▶ _WORK TO COMPLETE_: Please copy, exactly and with no pictures, only the lines from the one containing "Star Dust, Vol. 11" through the last line of the records.

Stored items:
·····

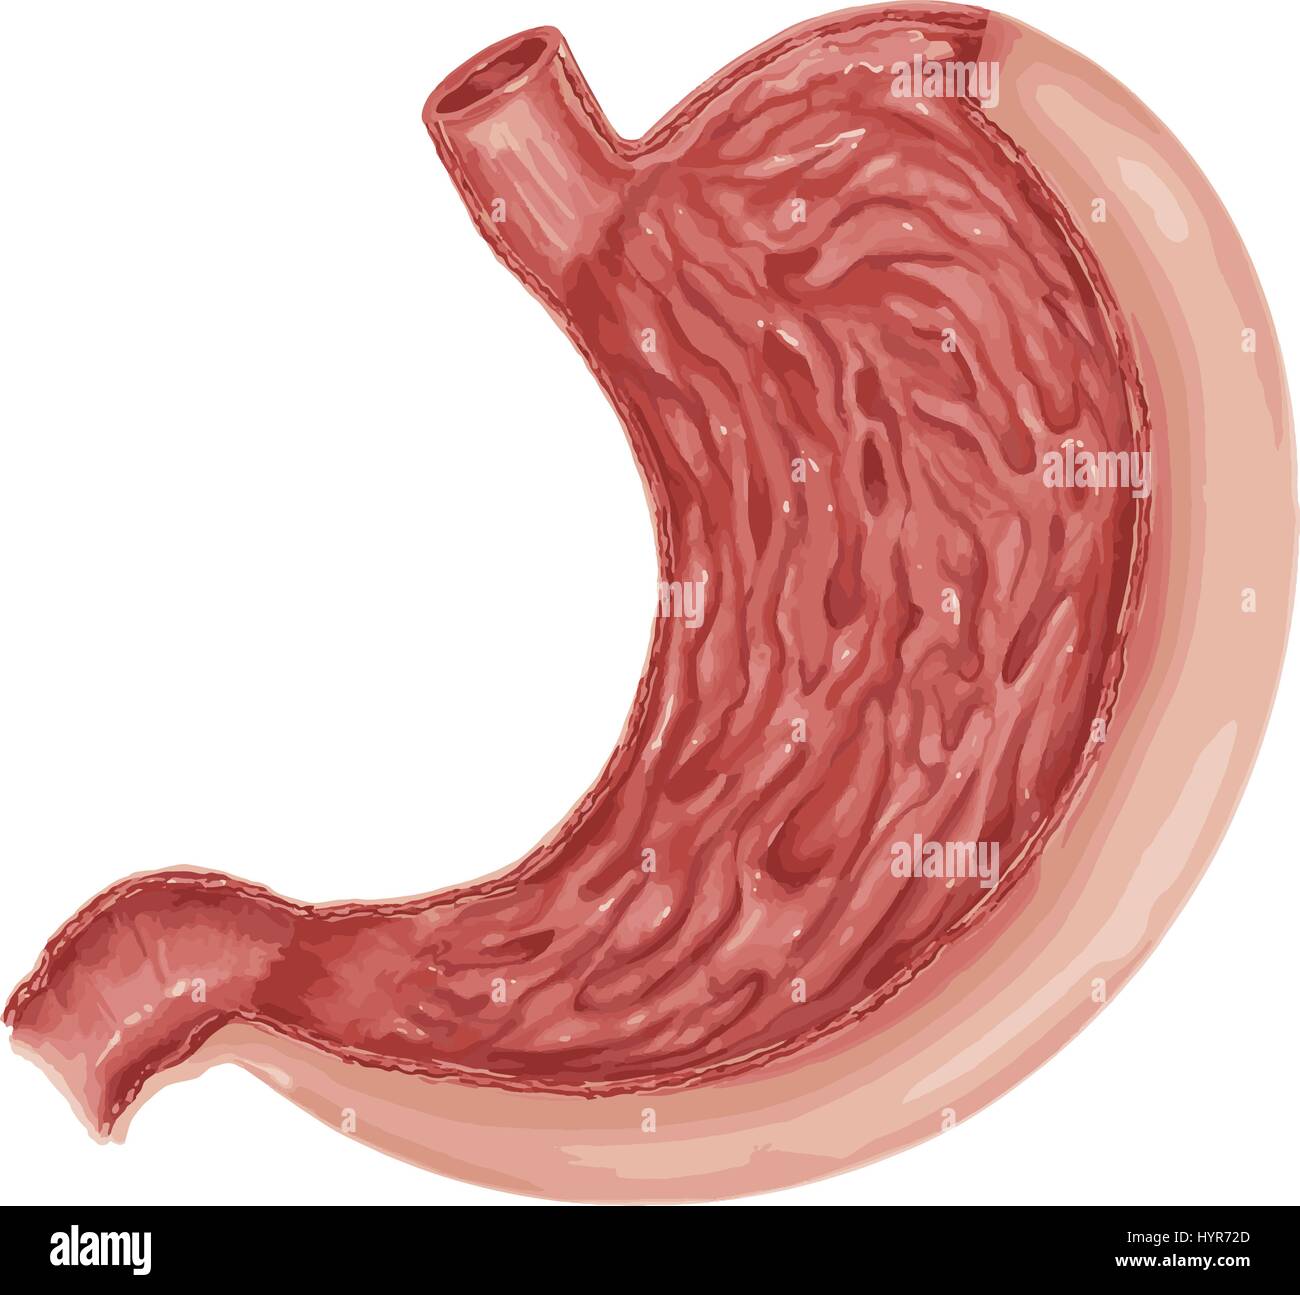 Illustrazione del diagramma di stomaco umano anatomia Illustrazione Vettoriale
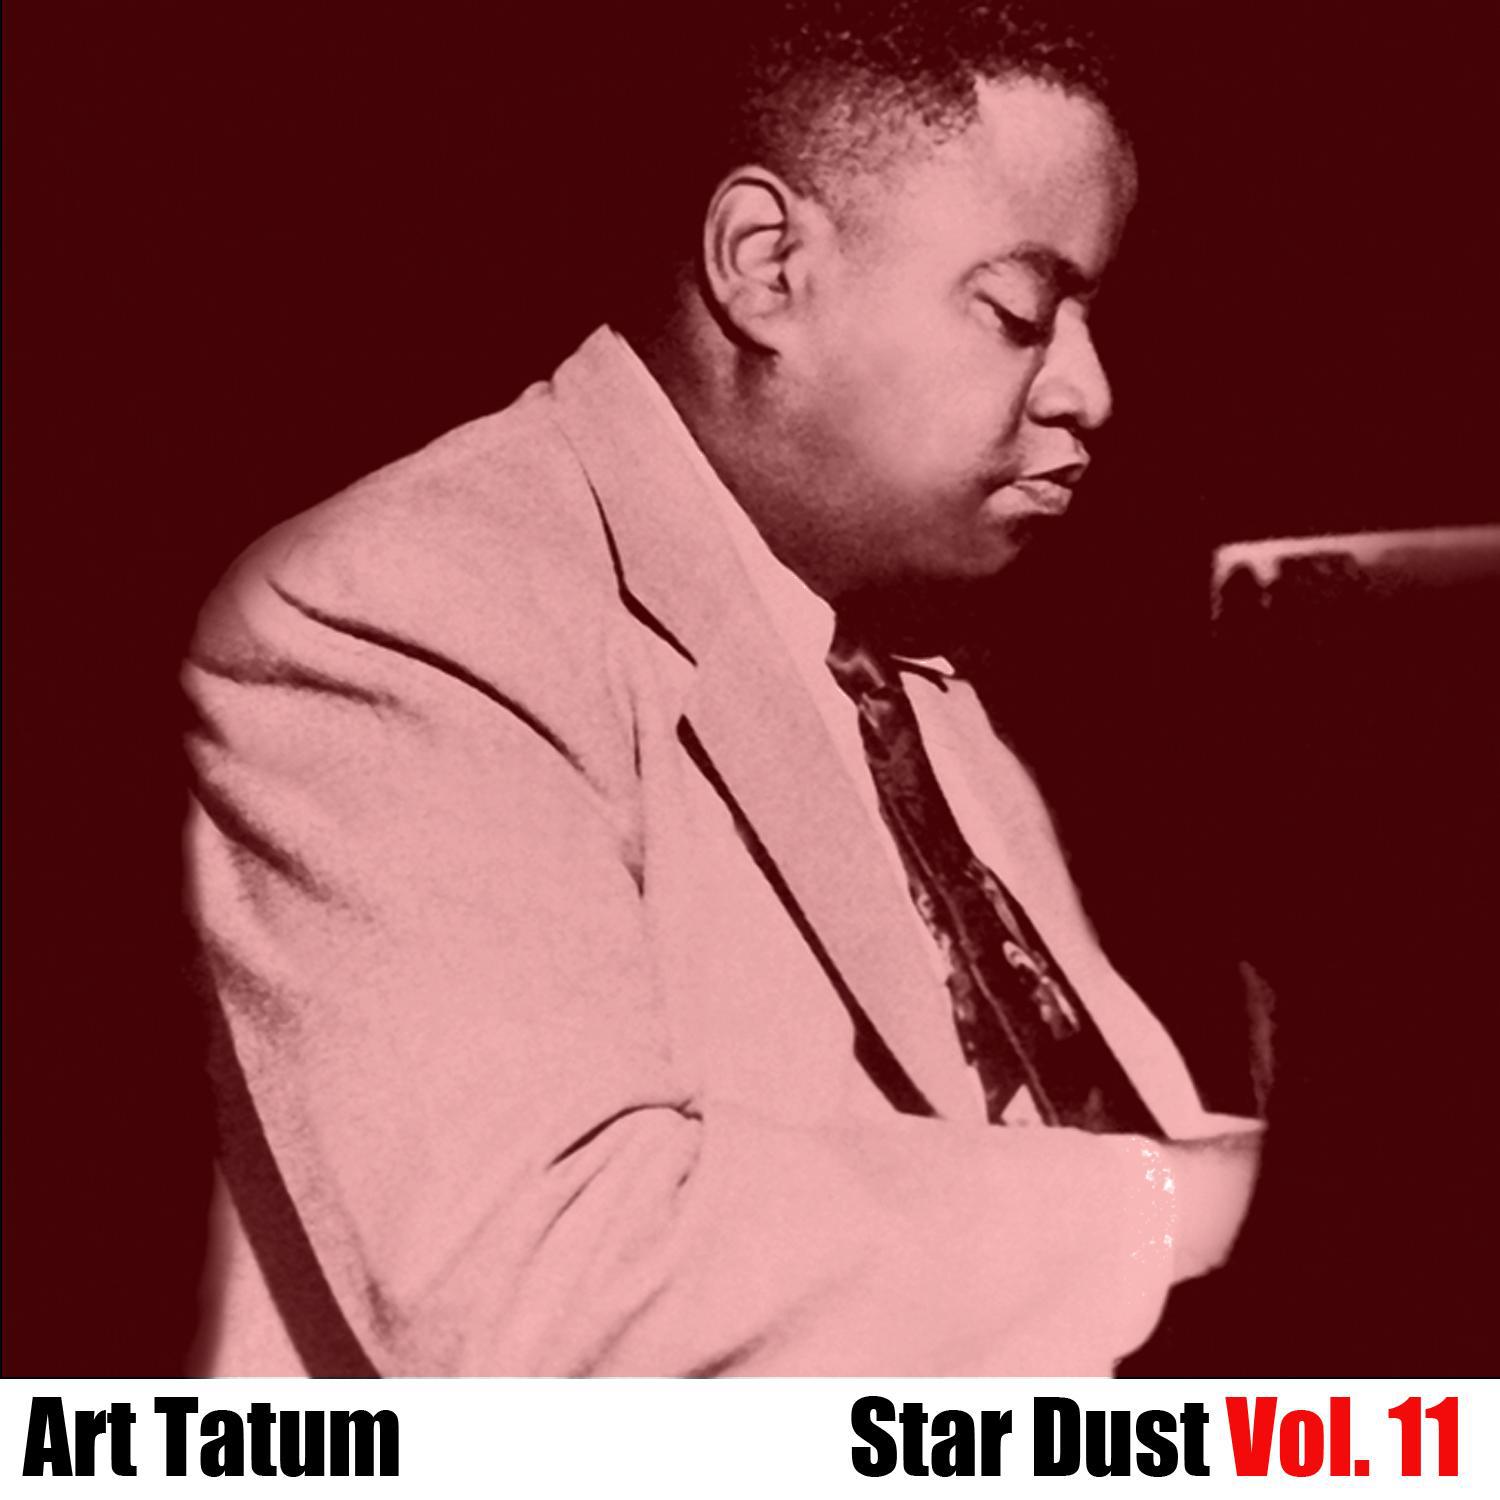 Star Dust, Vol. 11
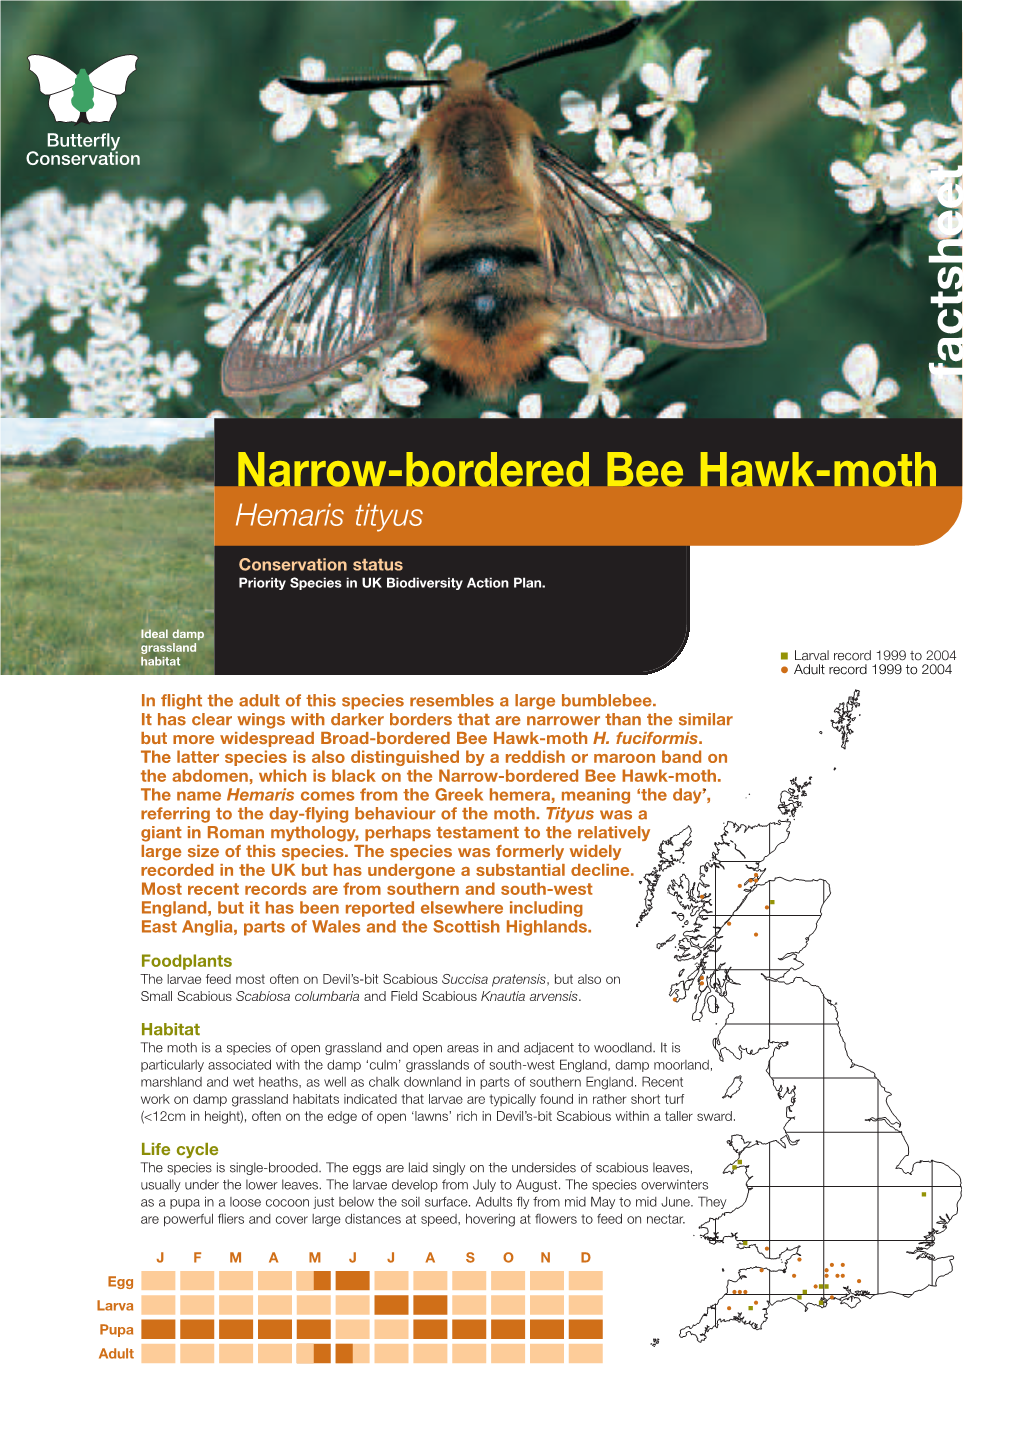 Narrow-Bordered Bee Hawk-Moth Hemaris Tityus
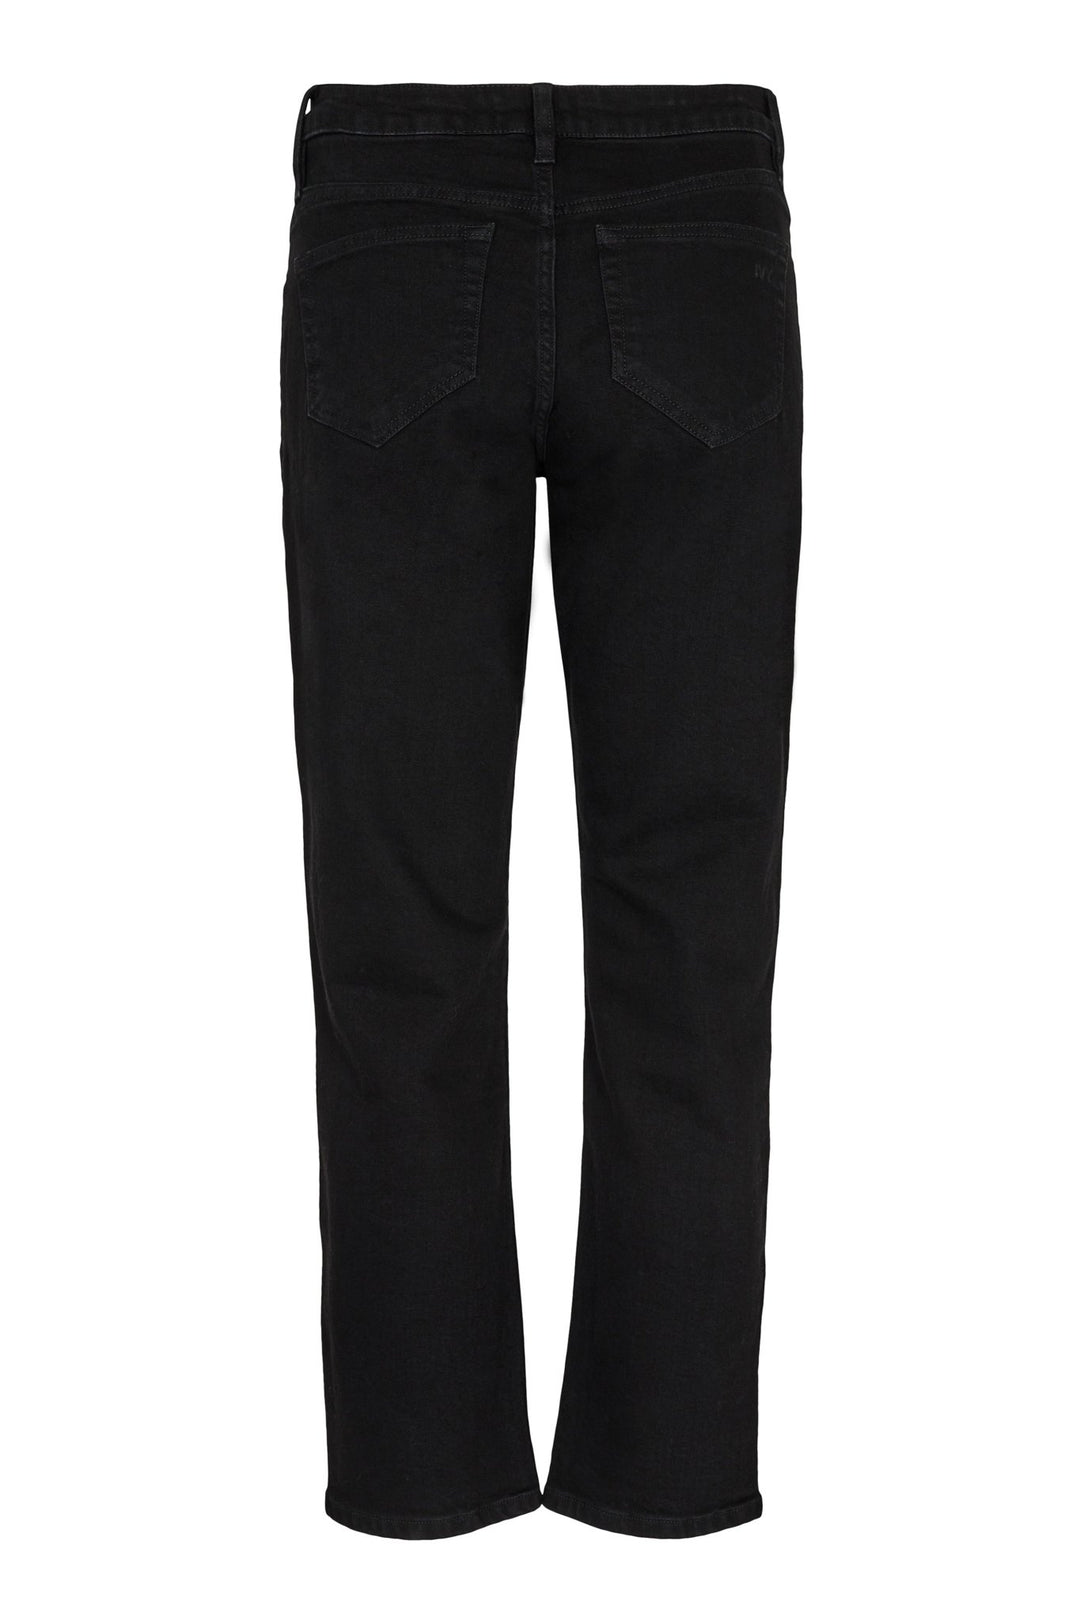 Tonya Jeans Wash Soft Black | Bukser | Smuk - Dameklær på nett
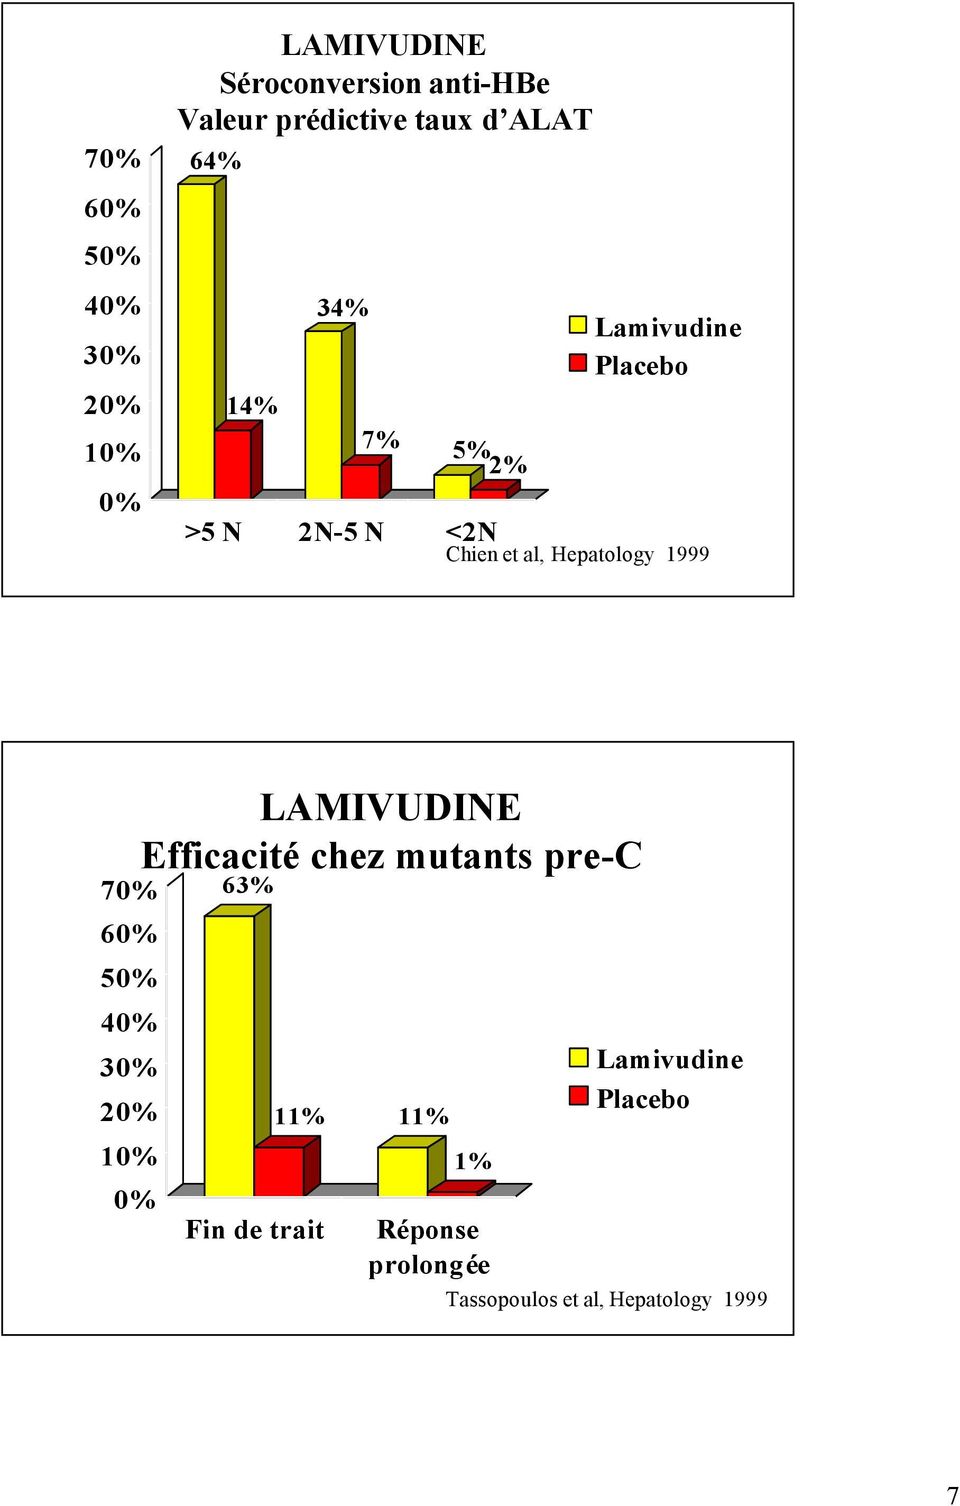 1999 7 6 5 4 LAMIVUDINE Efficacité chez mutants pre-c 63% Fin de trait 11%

·····

▶ _WRITTEN REPLY_:
 Star Dust, Vol. 11
 Narrow-Bordered Bee Hawk-Moth Hemaris Tityus
 Tonya Jeans Wash Soft Black | Bukser | Smuk - Dameklær på nett
 1999 7 6 5 4 LAMIVUDINE Efficacité chez mutants pre-c 63% Fin de trait 11%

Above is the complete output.